Which lines below hold the word "room"? Copy all of them.

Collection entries

┌──

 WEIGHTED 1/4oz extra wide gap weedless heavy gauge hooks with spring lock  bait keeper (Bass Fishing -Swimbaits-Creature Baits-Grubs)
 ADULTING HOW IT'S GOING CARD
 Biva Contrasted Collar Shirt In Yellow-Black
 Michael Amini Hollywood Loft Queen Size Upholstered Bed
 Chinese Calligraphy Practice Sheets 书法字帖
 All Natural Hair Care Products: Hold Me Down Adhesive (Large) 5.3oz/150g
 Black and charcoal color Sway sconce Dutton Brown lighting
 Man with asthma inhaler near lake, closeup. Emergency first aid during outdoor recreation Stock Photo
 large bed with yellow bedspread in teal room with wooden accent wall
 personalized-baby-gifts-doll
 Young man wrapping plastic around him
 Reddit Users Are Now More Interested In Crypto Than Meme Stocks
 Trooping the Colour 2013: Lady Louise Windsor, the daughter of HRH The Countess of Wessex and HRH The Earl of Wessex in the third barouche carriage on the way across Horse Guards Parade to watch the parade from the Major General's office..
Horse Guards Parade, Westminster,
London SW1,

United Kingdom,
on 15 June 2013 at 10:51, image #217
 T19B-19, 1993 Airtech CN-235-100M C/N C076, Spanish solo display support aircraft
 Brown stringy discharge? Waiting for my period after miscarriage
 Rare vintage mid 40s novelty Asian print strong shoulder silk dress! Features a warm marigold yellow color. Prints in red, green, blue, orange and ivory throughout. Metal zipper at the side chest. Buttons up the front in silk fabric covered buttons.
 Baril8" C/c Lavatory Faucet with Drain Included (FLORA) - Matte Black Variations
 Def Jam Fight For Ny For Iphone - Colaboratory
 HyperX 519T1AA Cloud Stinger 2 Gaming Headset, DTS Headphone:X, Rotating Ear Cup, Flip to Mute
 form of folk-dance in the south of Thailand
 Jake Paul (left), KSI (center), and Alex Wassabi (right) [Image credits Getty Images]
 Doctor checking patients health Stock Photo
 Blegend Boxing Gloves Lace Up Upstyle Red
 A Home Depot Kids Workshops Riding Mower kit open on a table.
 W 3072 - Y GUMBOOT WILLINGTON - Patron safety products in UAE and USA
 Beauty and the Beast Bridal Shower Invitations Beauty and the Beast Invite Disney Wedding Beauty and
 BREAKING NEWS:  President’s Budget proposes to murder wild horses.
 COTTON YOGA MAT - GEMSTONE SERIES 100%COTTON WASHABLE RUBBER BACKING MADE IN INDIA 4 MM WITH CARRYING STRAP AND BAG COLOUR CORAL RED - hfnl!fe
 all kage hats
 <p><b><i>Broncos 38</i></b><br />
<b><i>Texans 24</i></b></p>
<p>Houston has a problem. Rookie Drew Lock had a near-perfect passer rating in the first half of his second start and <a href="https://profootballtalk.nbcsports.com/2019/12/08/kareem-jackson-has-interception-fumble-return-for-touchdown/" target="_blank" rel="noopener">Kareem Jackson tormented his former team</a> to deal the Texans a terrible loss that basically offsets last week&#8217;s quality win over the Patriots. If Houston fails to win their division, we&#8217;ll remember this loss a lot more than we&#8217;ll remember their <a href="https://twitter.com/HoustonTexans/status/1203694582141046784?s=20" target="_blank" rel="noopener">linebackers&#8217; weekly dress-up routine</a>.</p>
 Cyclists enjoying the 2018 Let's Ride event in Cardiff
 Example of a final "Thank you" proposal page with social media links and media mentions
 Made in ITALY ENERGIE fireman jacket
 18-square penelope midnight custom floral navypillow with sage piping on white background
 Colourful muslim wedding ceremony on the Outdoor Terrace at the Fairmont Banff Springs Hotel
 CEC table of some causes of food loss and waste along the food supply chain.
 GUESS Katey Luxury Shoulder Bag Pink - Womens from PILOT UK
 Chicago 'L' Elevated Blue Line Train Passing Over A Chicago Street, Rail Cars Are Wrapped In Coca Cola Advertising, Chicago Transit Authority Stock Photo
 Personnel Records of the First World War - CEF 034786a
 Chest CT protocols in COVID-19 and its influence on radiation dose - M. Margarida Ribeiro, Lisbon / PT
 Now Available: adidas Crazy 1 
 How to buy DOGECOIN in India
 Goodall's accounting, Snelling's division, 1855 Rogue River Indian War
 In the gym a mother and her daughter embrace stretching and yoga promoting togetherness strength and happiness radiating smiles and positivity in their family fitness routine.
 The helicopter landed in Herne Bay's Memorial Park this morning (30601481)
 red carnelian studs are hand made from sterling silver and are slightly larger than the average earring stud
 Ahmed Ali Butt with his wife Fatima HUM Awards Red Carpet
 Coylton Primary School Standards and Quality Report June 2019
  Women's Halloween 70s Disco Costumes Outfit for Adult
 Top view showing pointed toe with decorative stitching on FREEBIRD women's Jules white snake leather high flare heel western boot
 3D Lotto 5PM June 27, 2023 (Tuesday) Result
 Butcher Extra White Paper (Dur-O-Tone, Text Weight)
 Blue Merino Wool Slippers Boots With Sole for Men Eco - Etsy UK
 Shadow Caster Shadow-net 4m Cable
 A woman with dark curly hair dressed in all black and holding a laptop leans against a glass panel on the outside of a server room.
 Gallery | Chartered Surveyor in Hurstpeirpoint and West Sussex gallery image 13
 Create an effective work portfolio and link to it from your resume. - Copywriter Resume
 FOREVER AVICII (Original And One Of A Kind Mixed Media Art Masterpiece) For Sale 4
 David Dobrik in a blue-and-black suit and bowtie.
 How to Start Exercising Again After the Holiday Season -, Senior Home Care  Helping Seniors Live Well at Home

└──

» **Response area**
 large bed with yellow bedspread in teal room with wooden accent wall
 A woman with dark curly hair dressed in all black and holding a laptop leans against a glass panel on the outside of a server room.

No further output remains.